Sign in to follow this  
  • entries
    9
  • comments
    12
  • views
    24169

Working With Unicode in the Windows API

Sign in to follow this  

805 views

So the issue of Unicode and character sets is one that seems to come up quite a bit in the For Beginners forum (and elsewhere). Usually someone who is new to Windows programming will make a thread saying that the compiler barfs when it gets to their "MessageBox" call, and has no idea how to deal with it. Therefore I spent a lot of time explaining what their problem is and how to fix it, and usually this involves me explaining how the Windows API deals with strings. This happened again today and it resulted in me writing up an explanation that I rather like, so I've decided to post it here so that I can simply link people to it when necessary. I hope that those who read it find it useful, and get on their way with Windows programming. If there's anything hideously wrong or that you think could be added, please let me know.

Also before or after you read this, you may want to consult the official documentation at MSDN regarding Unicode and character sets. All the information I've explained is in there, you may just have to go through more reading to get to it. You can also find some more good information on the topic in this blog entry by Joel Spolsky.

------------------------------------------------------------------------------

The Windows API supports two kinds of strings, each using two types of characters. The first type is multi-byte strings, which are arrays of char's. With these strings each glyph can either be a single byte (char) or multiple bytes, and how the data is interpreted into glyphs depends on the ANSI code page being used. The "standard" code page for Windows in the US is windows-1252, known as "ANSI Latin 1; Western European". These strings are generally referred to as "ANSI" strings throughout the Windows documentation. The Windows headers typedef the type "char" to "CHAR", and also typedef pointers to strings as "LPSTR" and "LPCSTR" (the second being a constant pointer to a string). String literals for this type simply use quotations, like in this example:


const char* ansiString = "This is an ANSI string!";


The second type of string is what is referred to as Unicode strings. There are several types of Unicode, but in the Windows API "Unicode" generally refers to UTF-16 encoding. UTF-16 uses (at least) two bytes per glyph, and therefore in C and C++ the strings are represented as arrays of the type wchar_t (which is two bytes in size, and therefore referred to as a "wide" character). Unicode is a worldwide standard, and supports glyphs from many languages with one standard code page (with multi-byte strings you'd have to use a different code page if you wanted something like kanji). This is obviously a big improvement, which is why Microsoft encourages that all newly-written apps use Unicode exclusively (this is also why a new Visual C++ project defaults to Unicode). The Windows headers typedef the type "wchar_t" to "WCHAR", and also typedef pointers to Unicode strings as "LPWSTR" and "LPCWSTR". String literals for this type use quotations prefixed with an "L", like in this example:


const wchar_t* unicodeString = L"This is a Unicode string!";


Okay, so I said that the Windows API supports both the old ANSI strings as well as Unicode strings. It does this through polymorphic types and by using macros for functions that take strings as parameters. Allow me to elaborate on the first part...
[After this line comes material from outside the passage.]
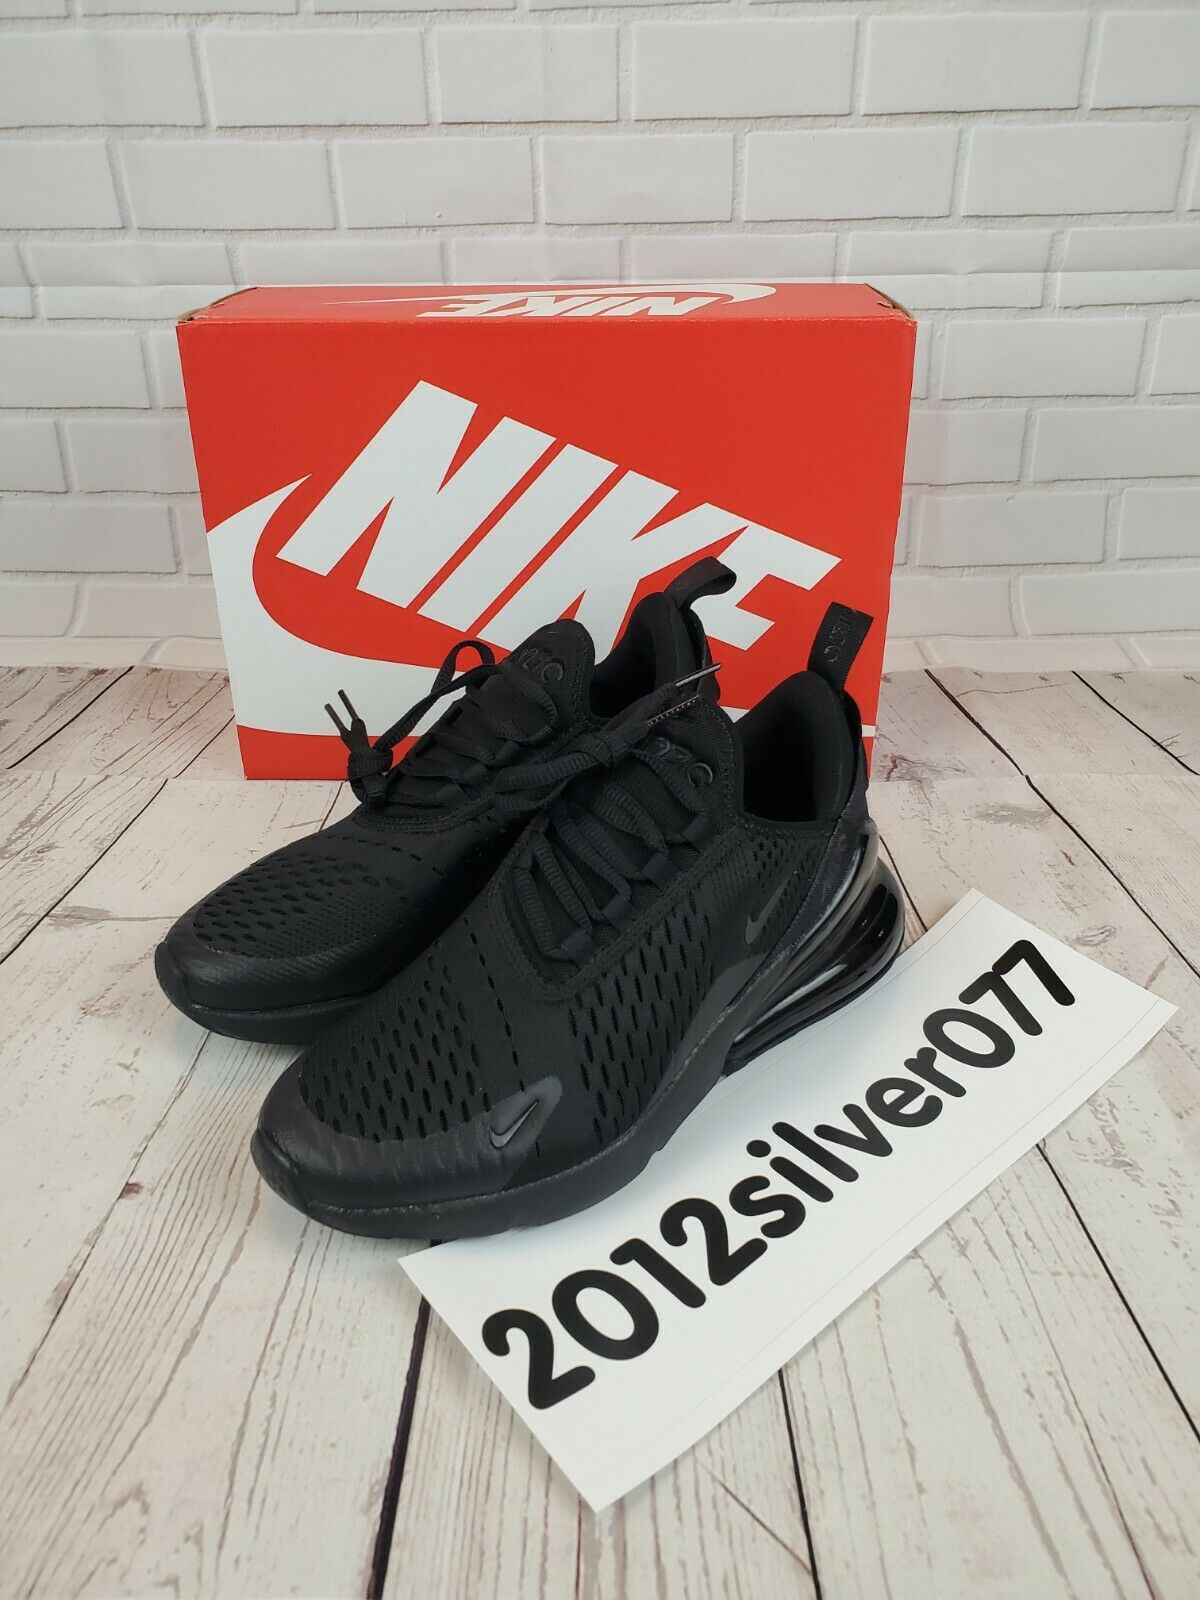 Nike Air Max 270 GS 'Triple Black' BQ5776-001 Running Shoes Size 7Y =Women's 8.5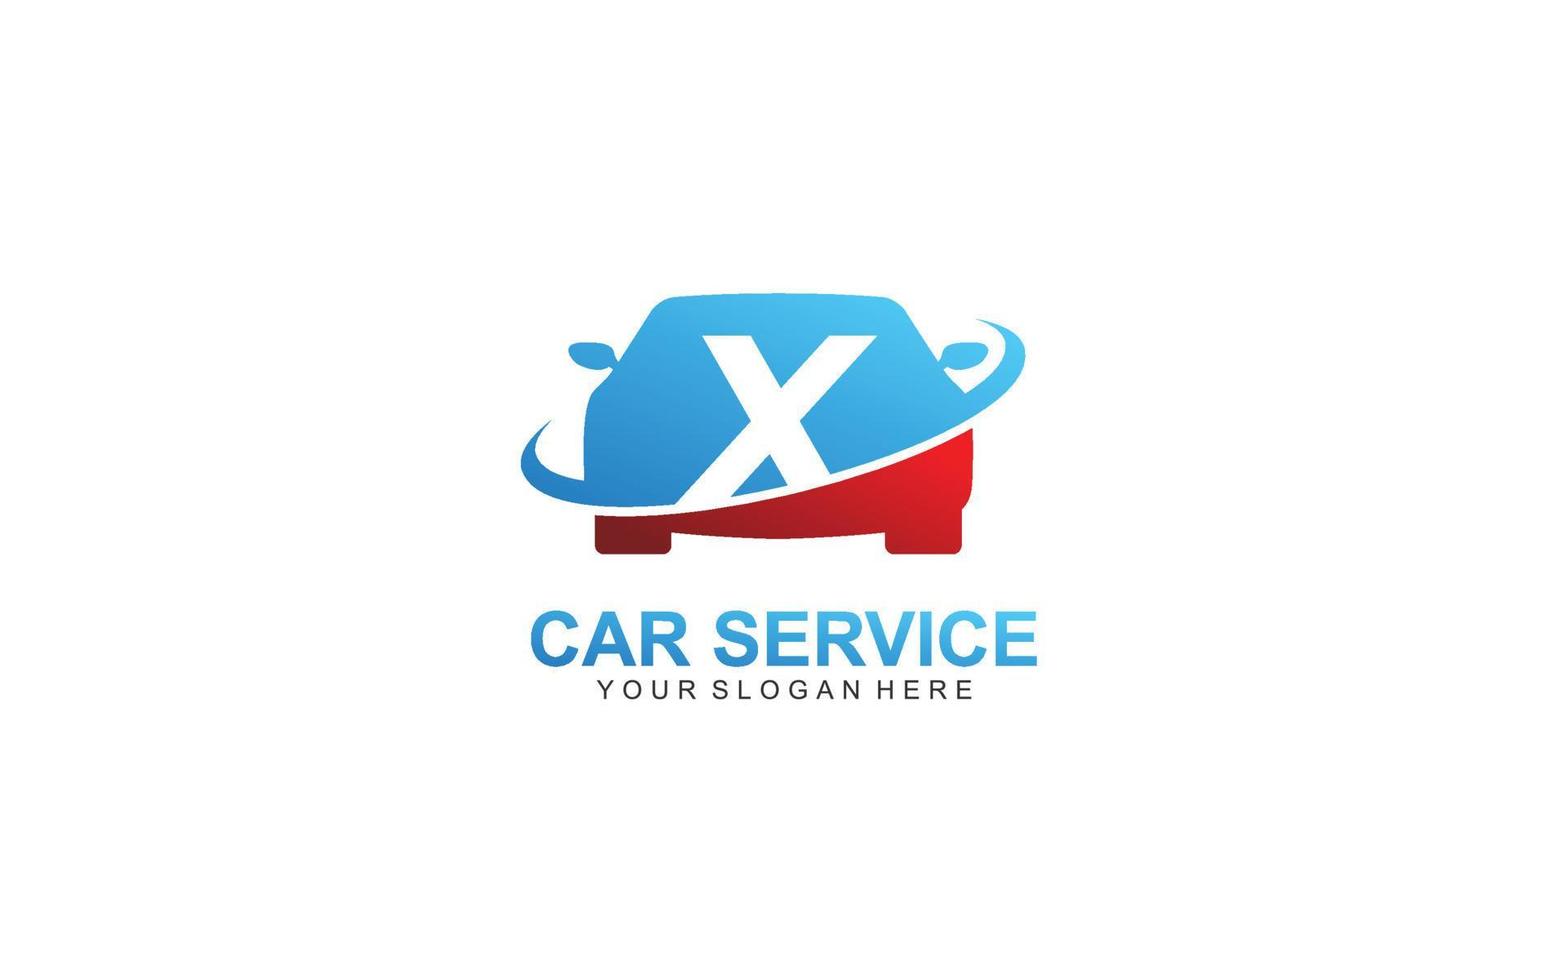 X rent car logo design inspiration. Vector letter template design for brand.

The Windows API defines a third character type, and consequently a third string type. This type is "TCHAR", and its definition looks something like this:


#ifdef UNICODE
typedef WCHAR TCHAR;
#else
typedef CHAR TCHAR;
#endif

typedef TCHAR* LPTSTR;
typedef const TCHAR* LPCTSTR;


So as you can see here, how the TCHAR type is defined depends on whether the "UNICODE" macro is defined. In this way, the "UNICODE" macro becomes a sort of switch that lets you say "I'm going to be using Unicode strings, so make my TCHAR a wide character." And this is exactly what Visual C++ does when you set the project's "character set" to Unicode: it defines UNICODE for you. So what you get out of this is the ability to write code that can compile to use either ANSI strings or Unicode strings depending on a macro definition or a compiler setting. This ability is further aided by the TEXT() macro, which will produce either an ANSI or Unicode string literal:


LPCTSTR tString = TEXT("This could be either an ANSI or Unicode string!");


Now that you know about TCHAR's, things might make a bit more sense if you look at the documentation for any Windows API function that accepts a string. For example, let's look at the documentation for MessageBox. The prototype shown on MSDN looks like this:


int MessageBox( HWND hWnd,
LPCTSTR lpText,
LPCTSTR lpCaption,
UINT uType
);


As you can see, it asks for a string of TCHAR's. This makes sense, since your app could be using either character type and the API doesn't want to force either type on you. However there's a big problem with this: the functions that make up the Windows API are implemented as precompiled DLL's. Since TCHAR is resolved at compile-time, the function had to be compiled as either ANSI or Unicode. So how did MS get around this? They compiled both!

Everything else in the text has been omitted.